Sadly, Curt Schilling Hits Sock Bottom

Rhode Islanders be warned: Flip on Frank Carpano or take a stroll up Thayer Street, because reading the following could fill the Narragansett Bay with your collective sick.

I feel bad for Curt Schilling. I'm sorry, but I do.

The Big Schill has frequently found himself in the news over the last year for mostly the wrong reasons. First, the video game company he birthed amidst much fanfare went bankrupt, shuttering its doors, laying off its employees, and leaving the littlest state in the nation on the hook for a Texas-sized bill of over $100 million.

Then came the Hall of Fame voting, with Schilling falling well short of the 75 percent needed to reach Cooperstown. He took that one in stand-up fashion, acknowledging it's the price he must pay for silently abiding the Steroids Era.

And now comes the latest hit with the news that Schilling will be auctioning off the bloody sock he immortalized during the 2004 World Series (the one he wore against the Yankees in the ALCS ended up in the trash). He needs the money to pay off his creditors, and this isn't the only personal memento he'll be losing along the way.

To guarantee almost $10 million in loans with the Bank of Rhode Island, he put up as collateral the bloody sock, a Lou Gehrig hat from 1927, and his vast collection of World War II memorabilia, among other things. He has already handed over a set of rare coins worth $2.6 million, and his Medfield mansion is on the market, too.

"I made commitments and signed documents to take responsibility for loans should the company fail, and it did, so I owe money that I'm trying to pay back," Schilling said when reached yesterday.

Bankrupt athletes don't typically engender or deserve much sympathy. They live like Tony Montana, and then tearfully wonder where all their millions went while handing over the keys to the climate-controlled marble garage housing their 14 Bentleys and original Adam West Batmobile. Lindsay Lohan possesses more self-awareness.

Schilling's a different case. He didn't give his money to an unscrupulous financial adviser buying up acres in the desert. He didn't invest in a friend's can't-miss business to sell T-shirts sewn exclusively from $100 bills for $30 apiece.

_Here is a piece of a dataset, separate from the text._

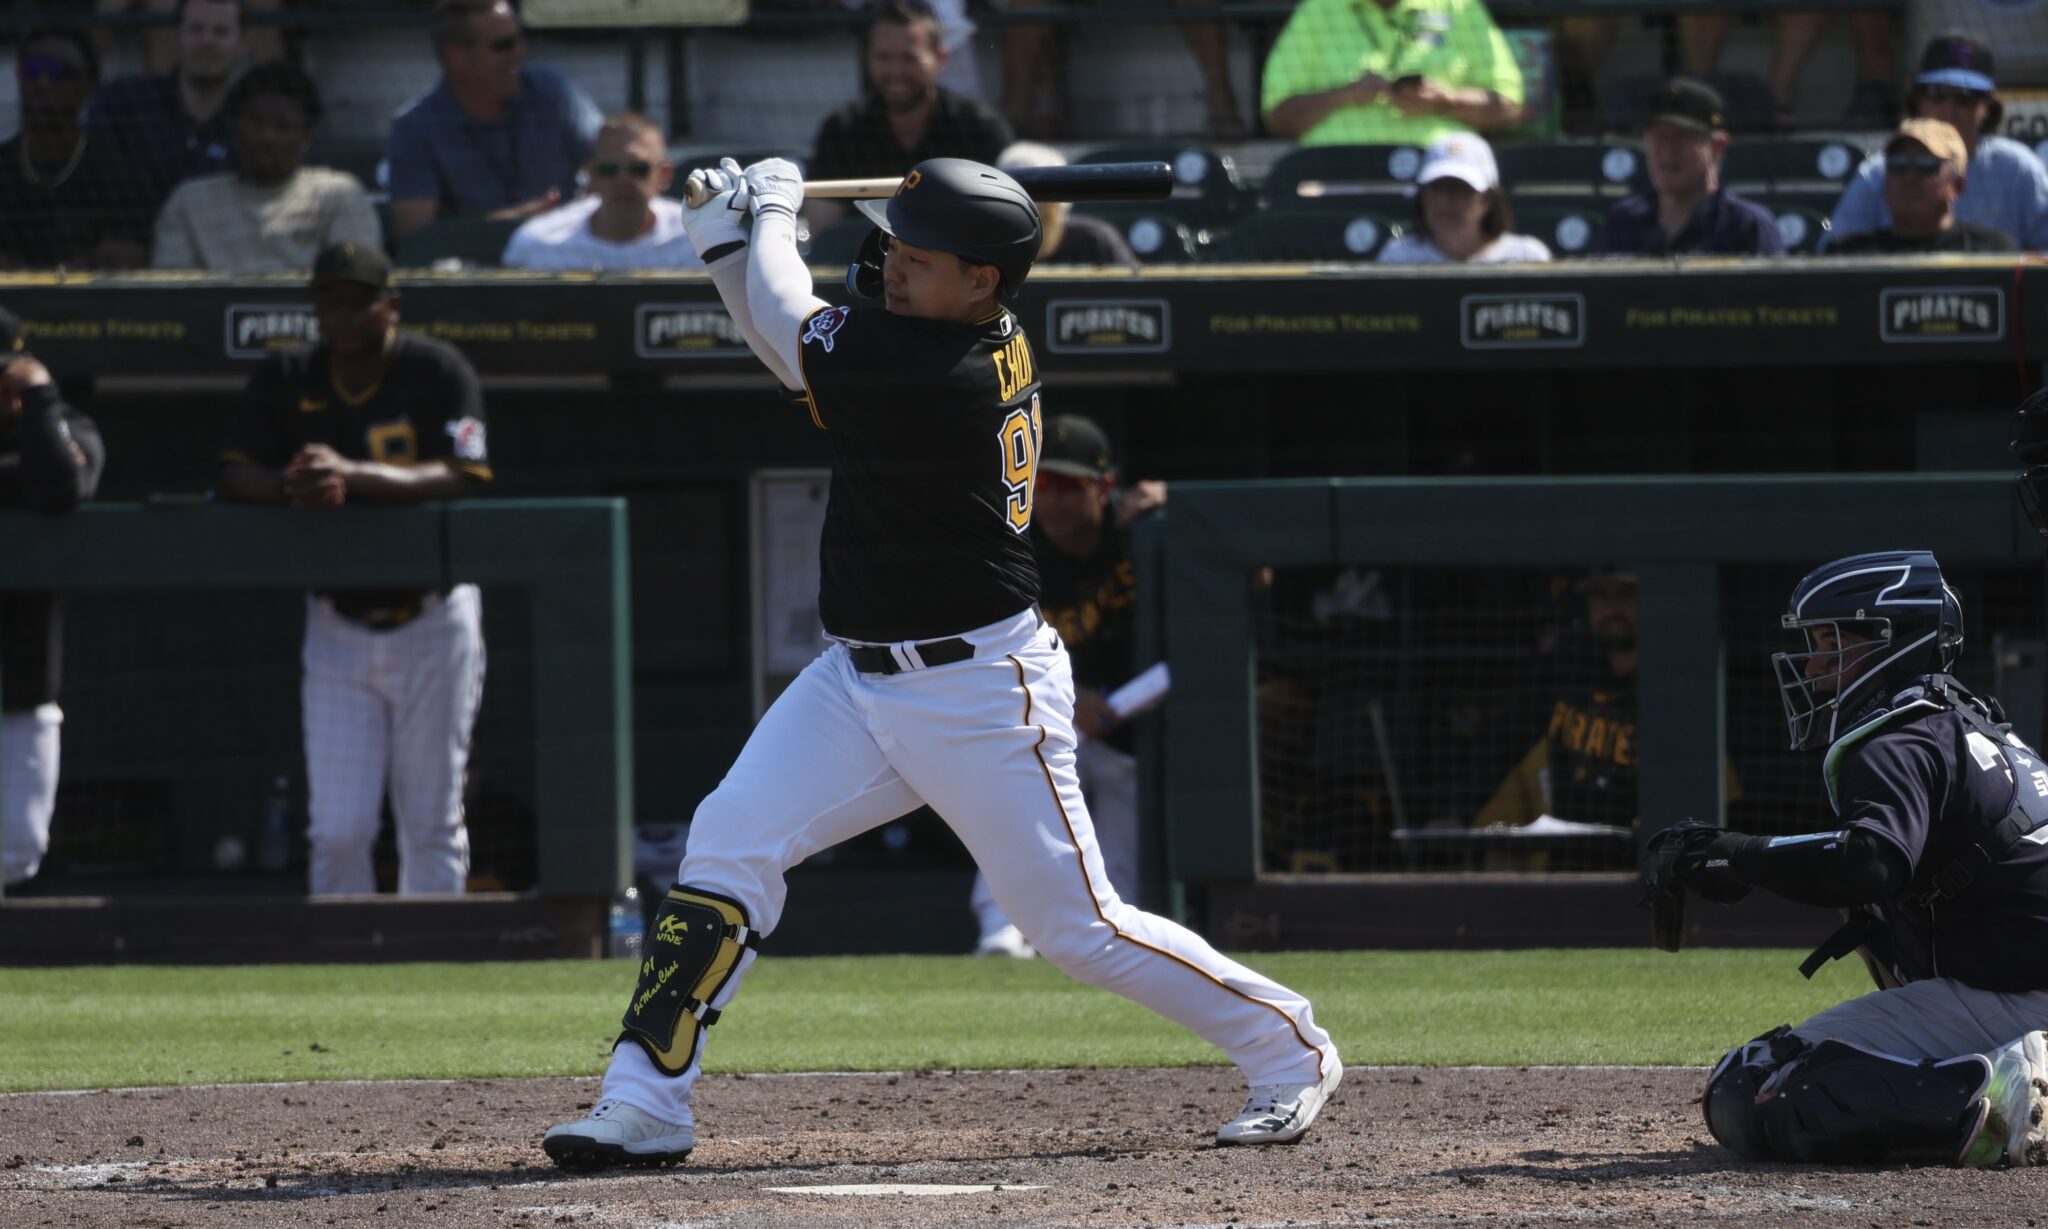 Pittsburgh Pirates on X: With his home run last night, Cutch

He started a business, hired the brightest talent, and then sank more than $50 million of his own money into making the online game he envisioned as a successor to World of Warcraft. I've met a couple of his programmers, and to this day they swear by Schilling and the game he conceived, describing a hands-on boss who wasn't merely a figurehead, but a daily, driving presence.

Then Schilling ran out of money, which means he ran out of time. His name will forever be mud in Rhode Island, though it's not his fault the state gave him a sweetheart tax deal worth $75 million in 2010.

Since things went south, Schilling has had harsh words for Rhode Island governor Lincoln Chafee, who thinks even less of Schilling, and they're probably both right. But Schilling has also been refreshingly candid about the demise of 38 Studios, accepting responsibility for owning too outsized an ego to recognize what he didn't know. He won by force of will on the field, and he figured he'd do so again in one of the world's most competitive industries.

He eventually learned otherwise and the experience has left him with millions to repay, which is why the sock he wore in 2004 is now on the market.

He probably won't get as much for it as he would have before the Red Sox won their second World Series in 2007. The team's brand has since taken a progressive hit, culminating in the bloodletting of the past two years. Even an iconic artifact like Schilling's sock loses some of its luster in the shrapnel.

Where once it could have fetched $500,000 or more, now it's hard to say if it will go for $25,000 or $1 million or somewhere in between, though all it takes are two determined bidders.

Schilling's critics will doubtlessly revel in this latest news, and I'm certainly not going to begrudge any Rhode Islanders who chafe at how their millions financed a failed venture.

But I guess I'm a just sucker for mythology (Mark McGwire for the Hall!), and something simply feels wrong about one of the most recognizable symbols in Red Sox history ending up in some random millionaire's study.

At least the millionaire it used to belong to earned it.